Microsoft .net framework 3.5 introduced the Language Integrated Query (Linq) feature. Linq provides a set of query operators to filter, join and perform other such data related operations on various types datasources such as lists, dictionaries, datasets etc.
In this article we perform a simple filter operation on a collection of data stored in a list using the traditional foreach loop method and the linq method and compare the performance statistics.
To test the two methods we prepare a sample list object filled with 10,000,000 random numbers.
Numeric Collection
The first case we consider a list of random integer which has to be filtered to find out how many number generated are greater than 1,000,000. We implement a simple foreach loop filter as shown below.
Show Code
class Program
{
static void Main(string[] args)
{
List<int> sample = GenerateSample();
int count = 0;
DateTime start;
/* Using Foreach Loop */
start = DateTime.Now;
foreach (int number in sample)
if (number > 1000000)
count++;
Console.WriteLine("Using Foreach loops: " +
(DateTime.Now - start).TotalMilliseconds + " ms");
/* Using Linq Query */
start = DateTime.Now;
count = (from number in sample where number > 1000000
select number).Count();
Console.WriteLine("Using Linq Query: " +
(DateTime.Now - start).TotalMilliseconds + " ms");
Console.ReadKey();
}
static List<int> GenerateSample()
{
List<int> sample = new List<int>();
Random random = new Random();
for (int i = 0; i < 10000000; i++)
sample.Add(random.Next());
return sample;
}
}
The result for numeric collection:
Using Foreach Loop: 125.0504 ms
Using Linq Query: 547.0955 ms
String Collection
For testing a string collection we take the same random number list in string format and filter out all those strings that start with 10.
Show Code
class Program
{
static void Main(string[] args)
{
List<string> sample = GenerateSample();
int count = 0;
DateTime start;
/* Using Foreach Loop */
start = DateTime.Now;
foreach (string number in sample)
if (number.StartsWith("10"))
count++;
Console.WriteLine("Using Foreach Loop: " +
(DateTime.Now - start).TotalMilliseconds + " ms");
/* Using Linq Query */
start = DateTime.Now;
count = (from number in sample where number.StartsWith("10")
select number).Count();
Console.WriteLine("Using Linq Query: " +
(DateTime.Now - start).TotalMilliseconds + " ms");
Console.ReadKey();
}
static List<string> GenerateSample()
{
List<string> sample = new List<string>();
Random random = new Random();
for (int i = 0; i < 10000000; i++)
sample.Add(random.Next().ToString());
return sample;
}
}
The result for string collection:
Using Foreach Loop: 2688.5836 ms
Using Linq Query: 2235.2759 ms
Conclusion
From the above results its quite clear that for performing operations like filtering on integer or numeric collections the traditional foreach loop filters execute faster.
However for filtering string collections using string operations susch as StrartsWith(), Substring() etc, linq is much faster.
Download Sample
Linq Filter Samples
Very nice article.
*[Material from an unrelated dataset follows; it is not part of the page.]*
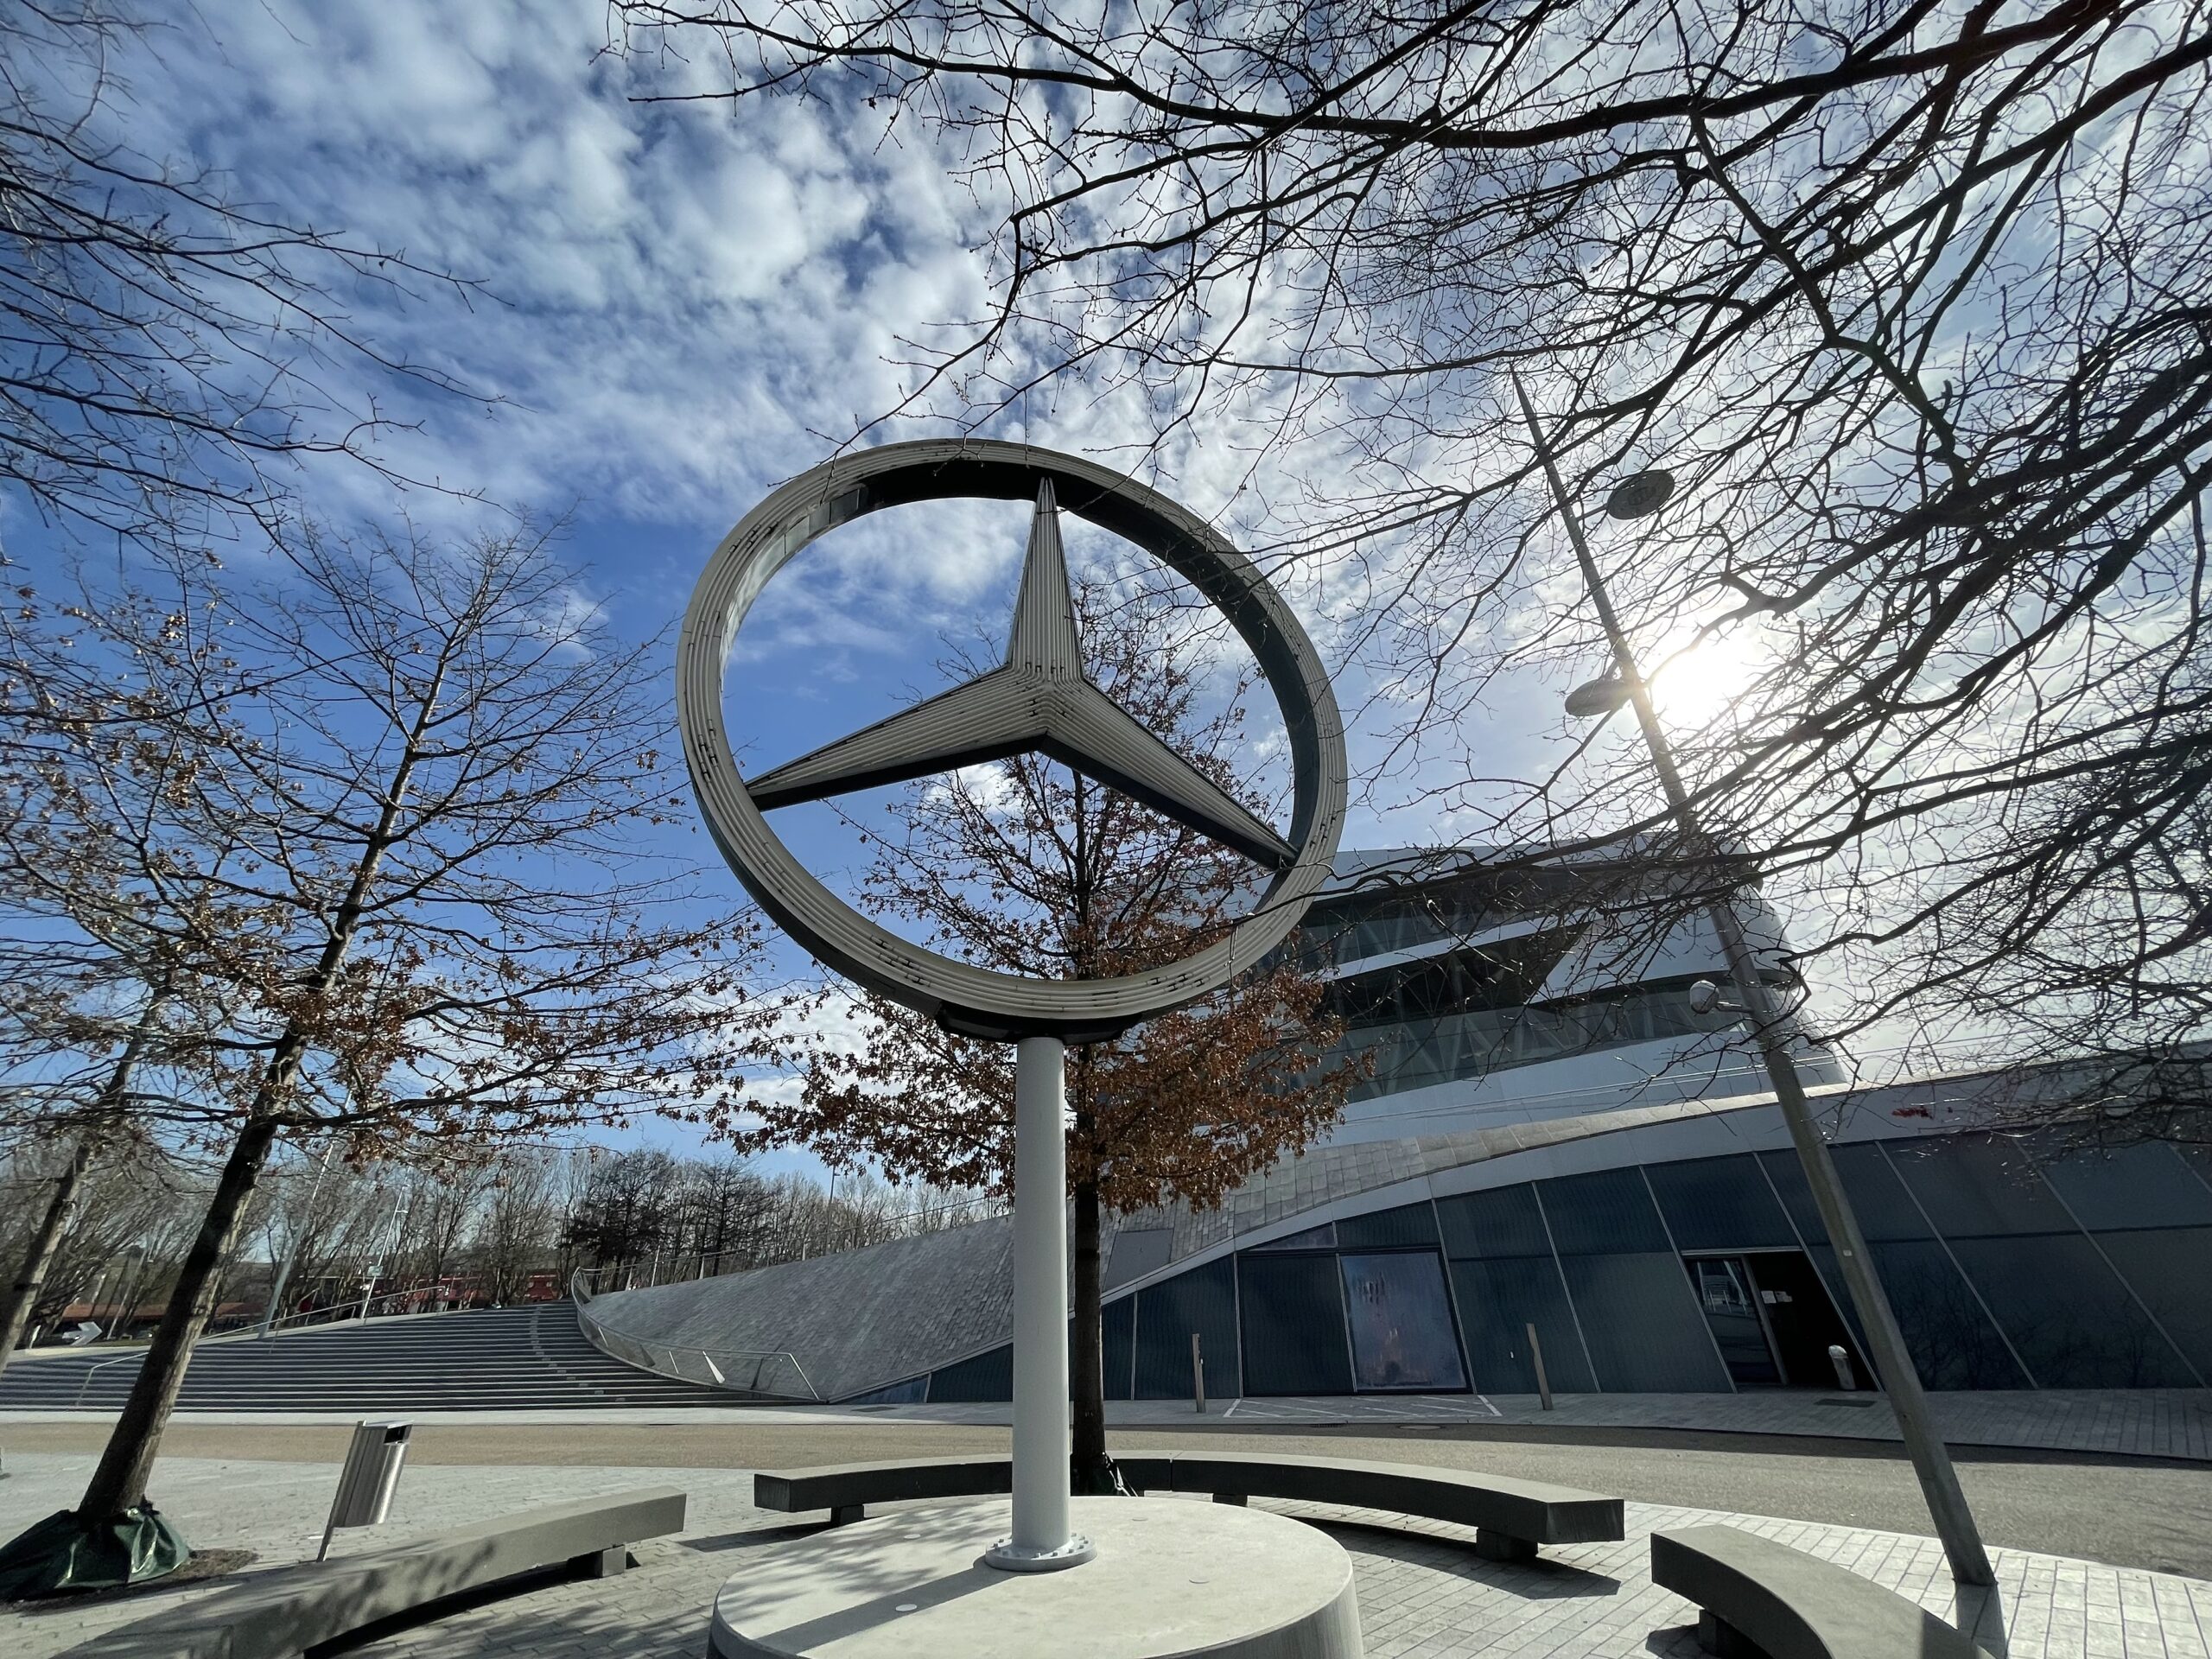 Der Stern steht nun gut positioniert am Mercedes-Benz Museum
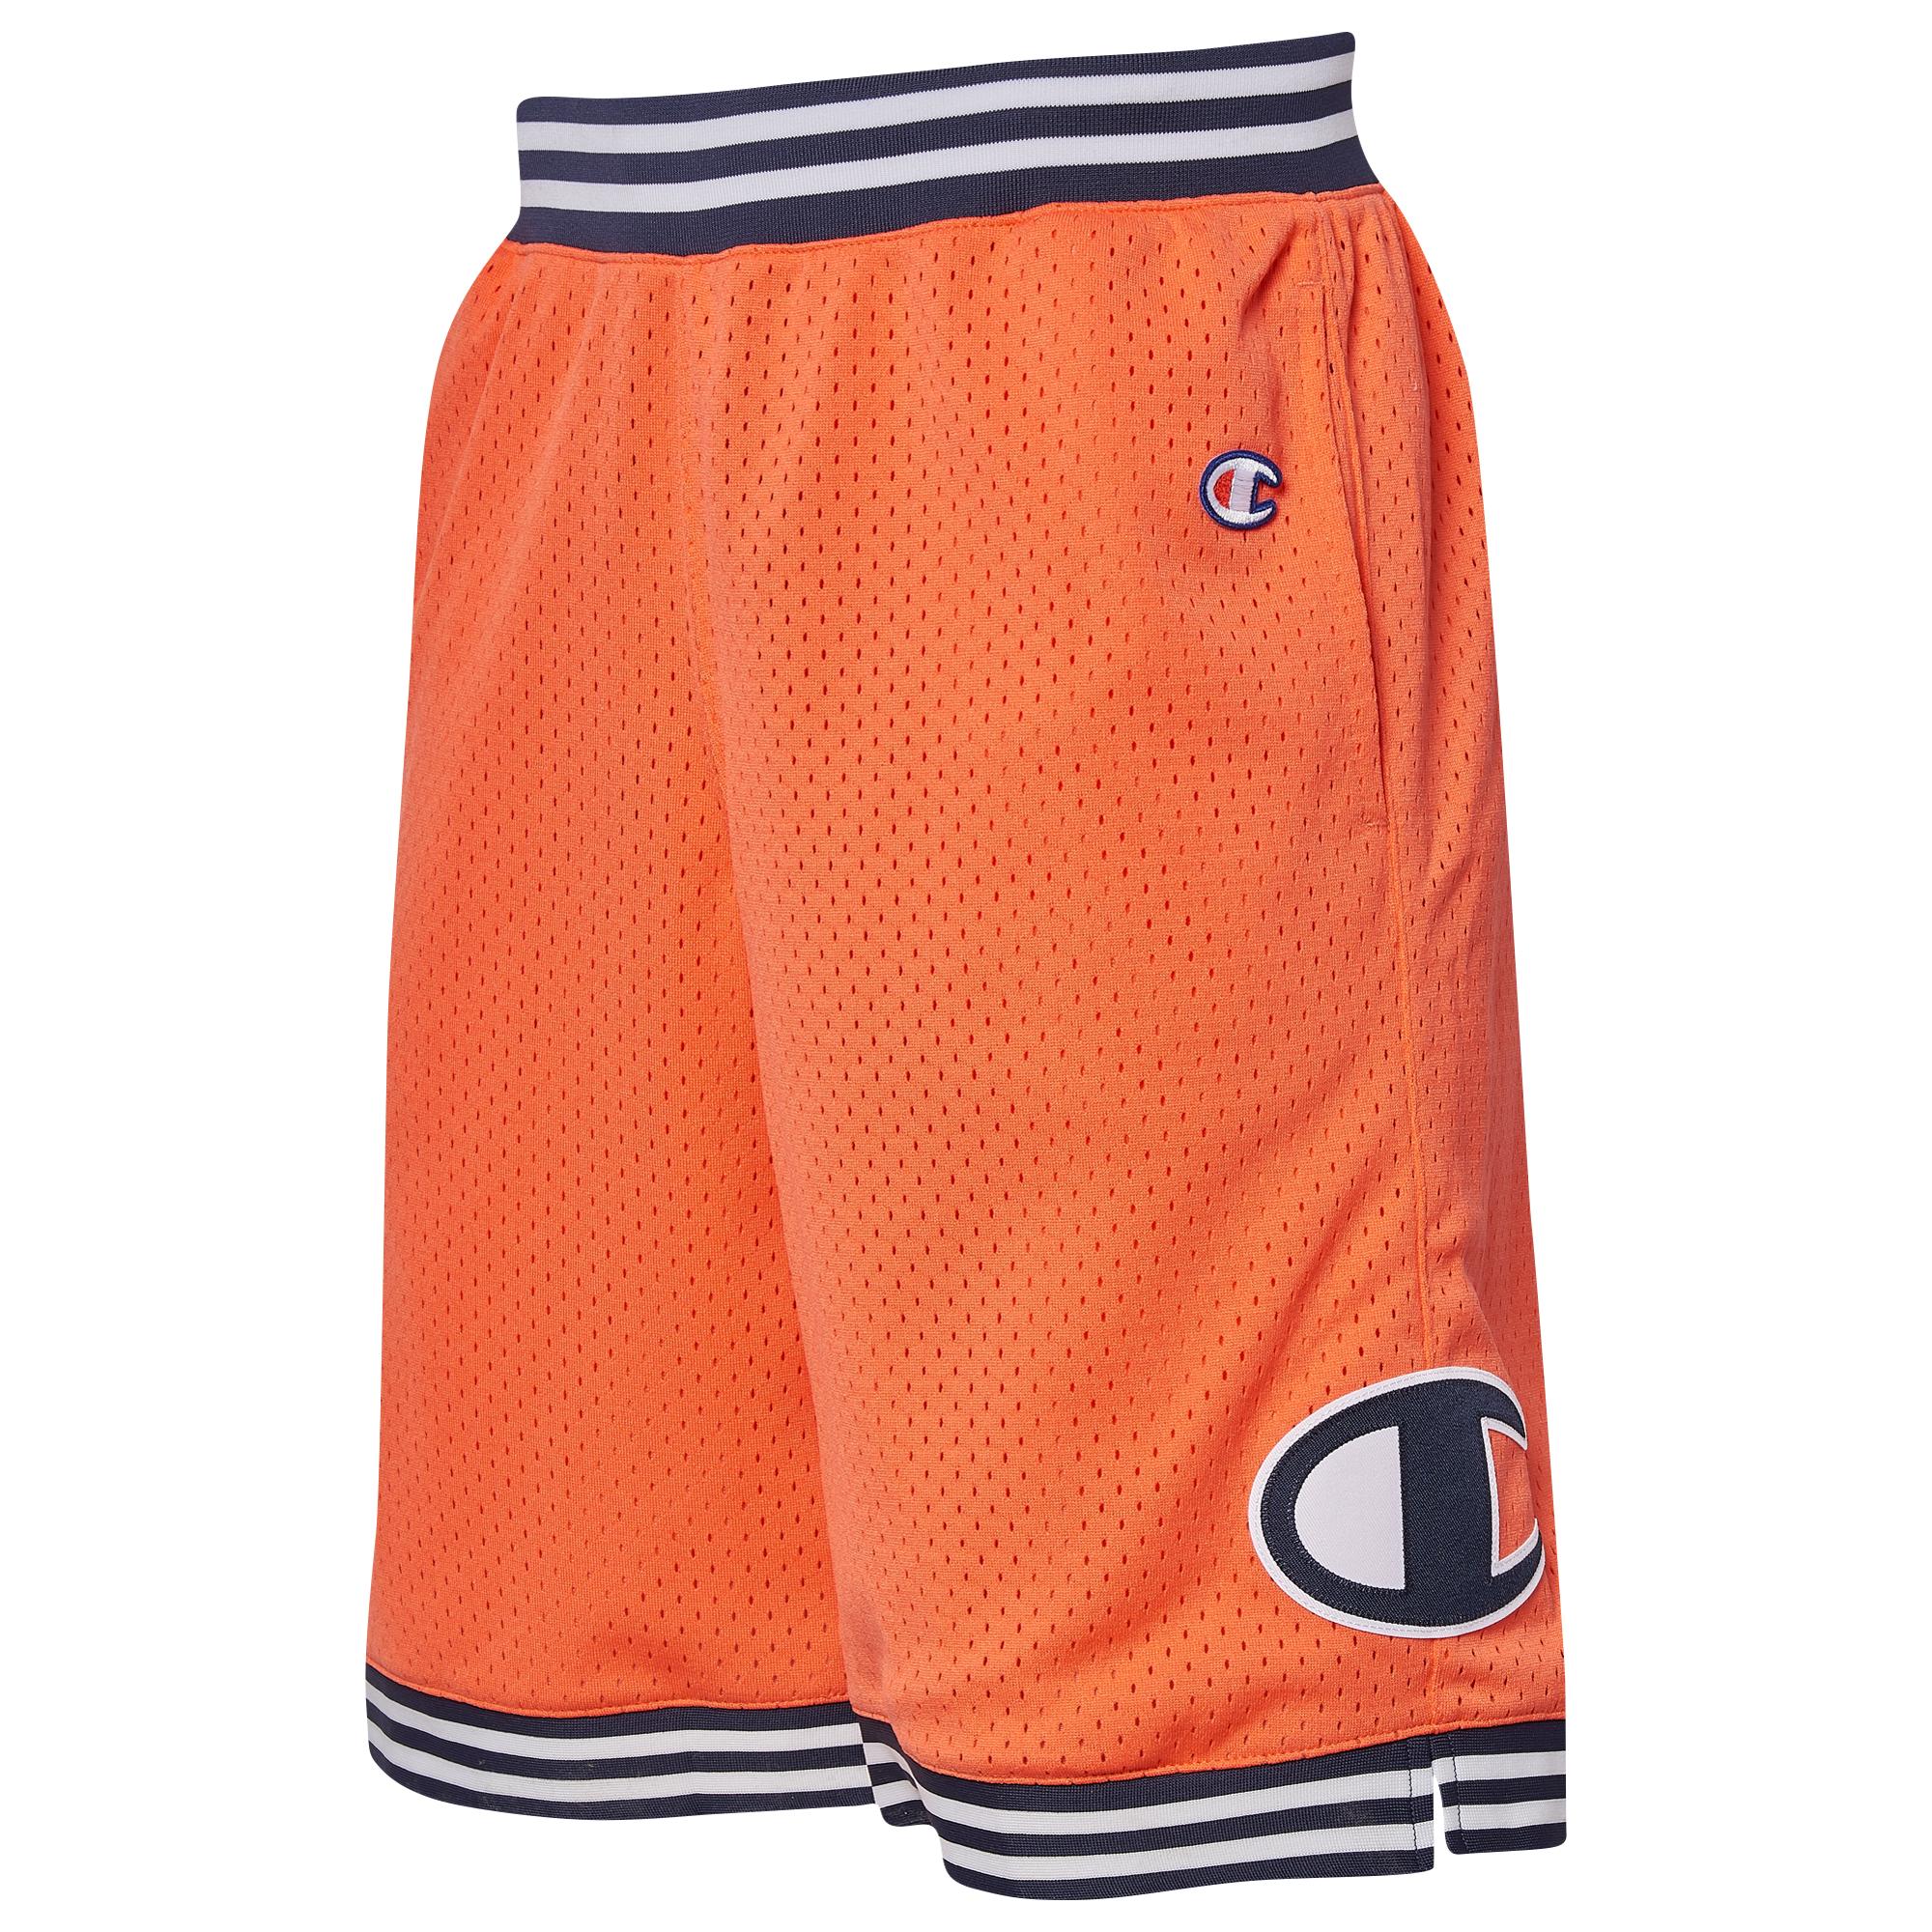 papaya champion shorts

However, I wonder if you could expound on your test methodology. Did you run the tests several times and take averages? If not, could it be that another process on your machine happened to request resources during one stage or another of your testing? I plan to use your sample code to run some tests myself but it would definitely improve the relevance of your article if you would provide answers to these questions. Also, what about multiple conditions in the Numeric example, such as value between 1,000,000 and 2,000,000 instead of merely greater than 1,000,000?
Thanks for the thought provoking article as well as the sample code!
I wonder if you pre-compiled your linq query if the results would have been the same….